Hier zeichnete sich schon ab, was während der Präsidentschaft Ehrlichs beim APHV, die bis 1992 dauerte, in weiten Teilen sein Verhältnis zum BPP bestimmte.

Nachdem bei der Mitgliederversammlung am 23. November 1969 wieder kein Vertreter der Schirmherren anwesend war, änderte sich dies im folgenden Jahr. Zur Mitgliederversammlung am 22. November 1970 erschienen vom BDPh Vizepräsident Dr. Heinz Jaeger und der Leiter der Bundesstelle Fälschungsbekämpfung, Oberstaatsanwalt Heinz Dobbert, sowie vom APHV Präsident Jürgen Ehrlich und Vizepräsident Günter Schwanke.
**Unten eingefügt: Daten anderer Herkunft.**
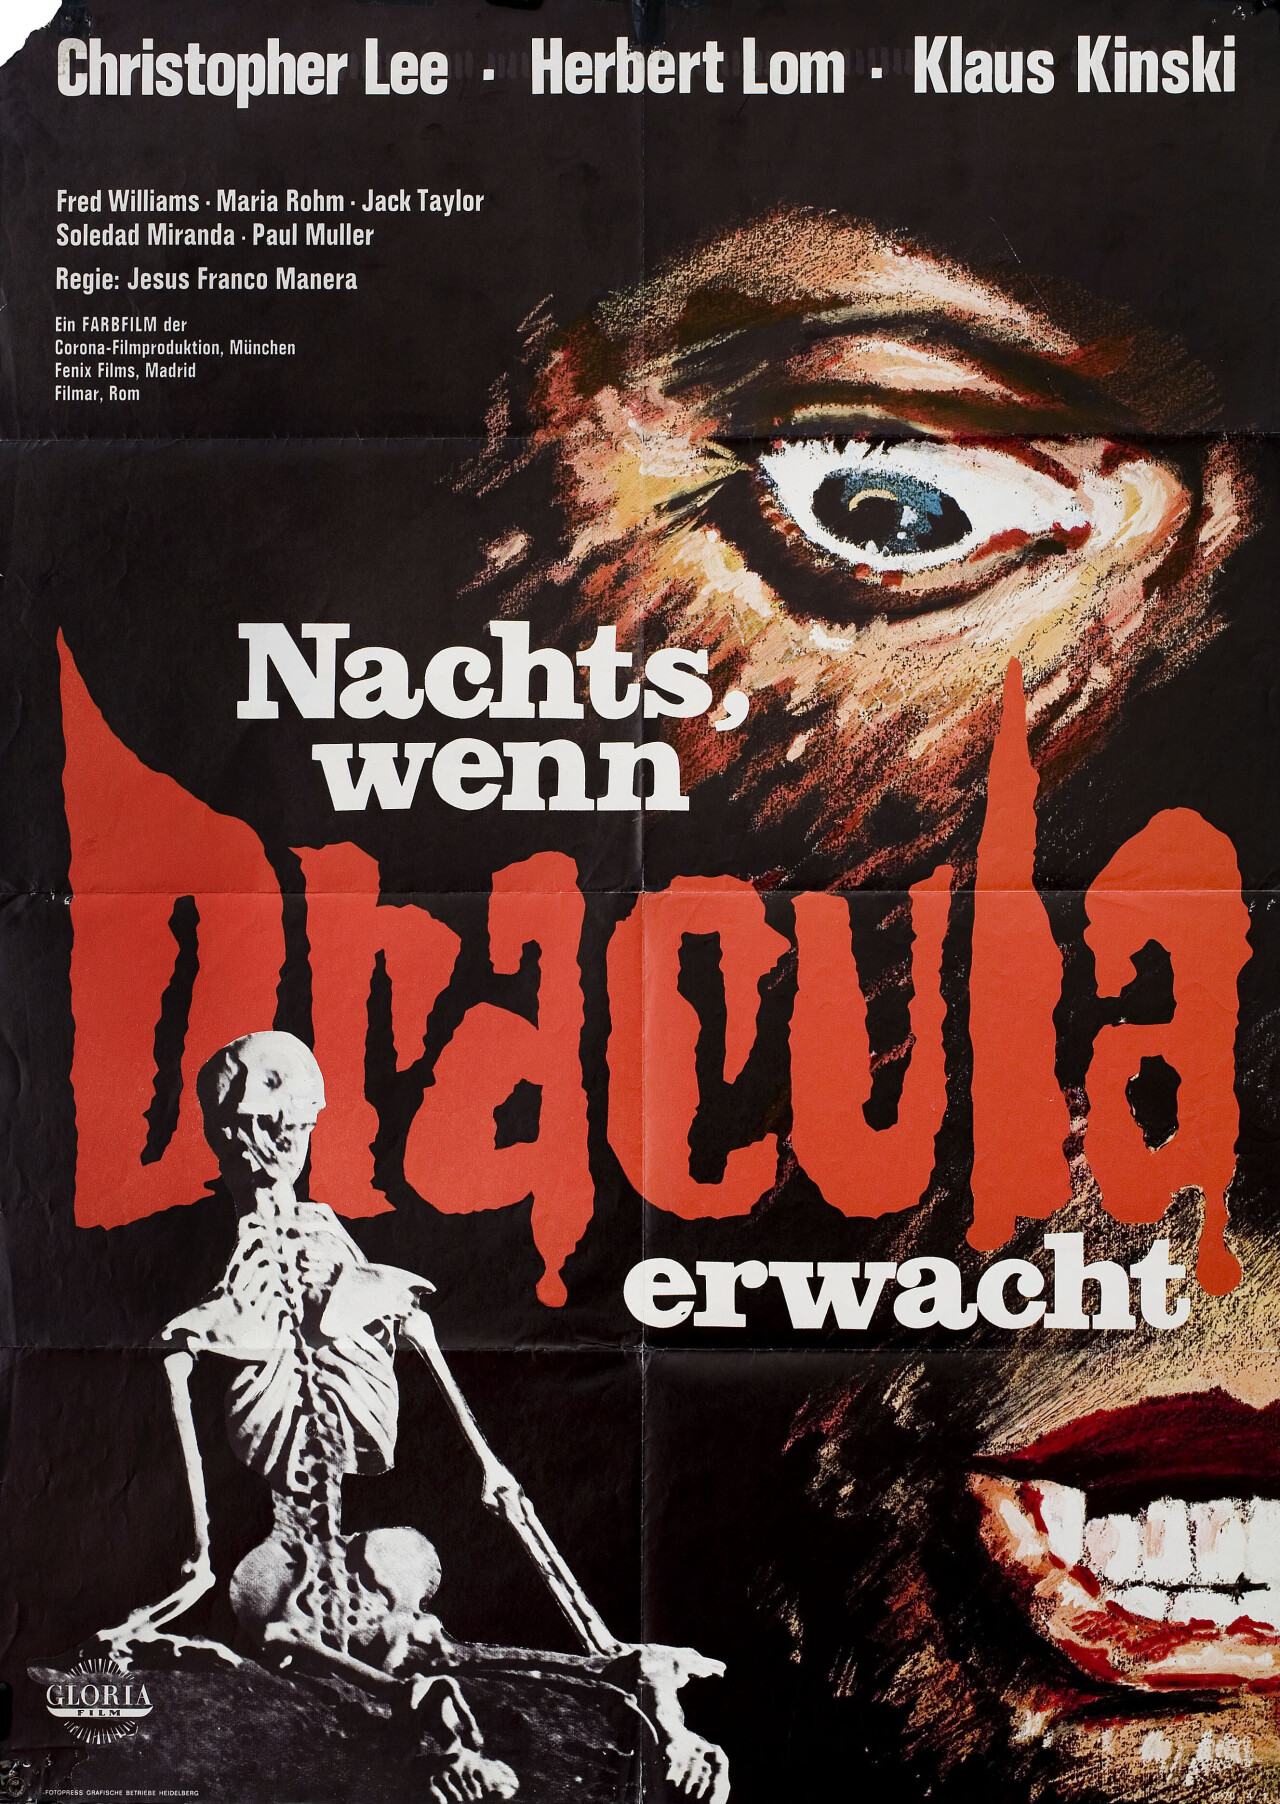 Граф Дракула (Count Dracula, 1970), режиссёр Хесус Франко, немецкий (ФРГ) постер к фильму (ужасы, 1970 год)_1

Das war ein Signal, daß die Schirmherren BDPh und APHV künftig beabsichtigten, mehr Einfluß auf das Prüfwesen zu nehmen.

16) Eine derartige Mitteilung Hofingers war in den Akten des APHV nicht auffindbar - d.V.

17) Niederschrift von F. K. Vossen vom 17. November 1968.

18) Notiz von Jürgen Ehrlich, ohne Datum.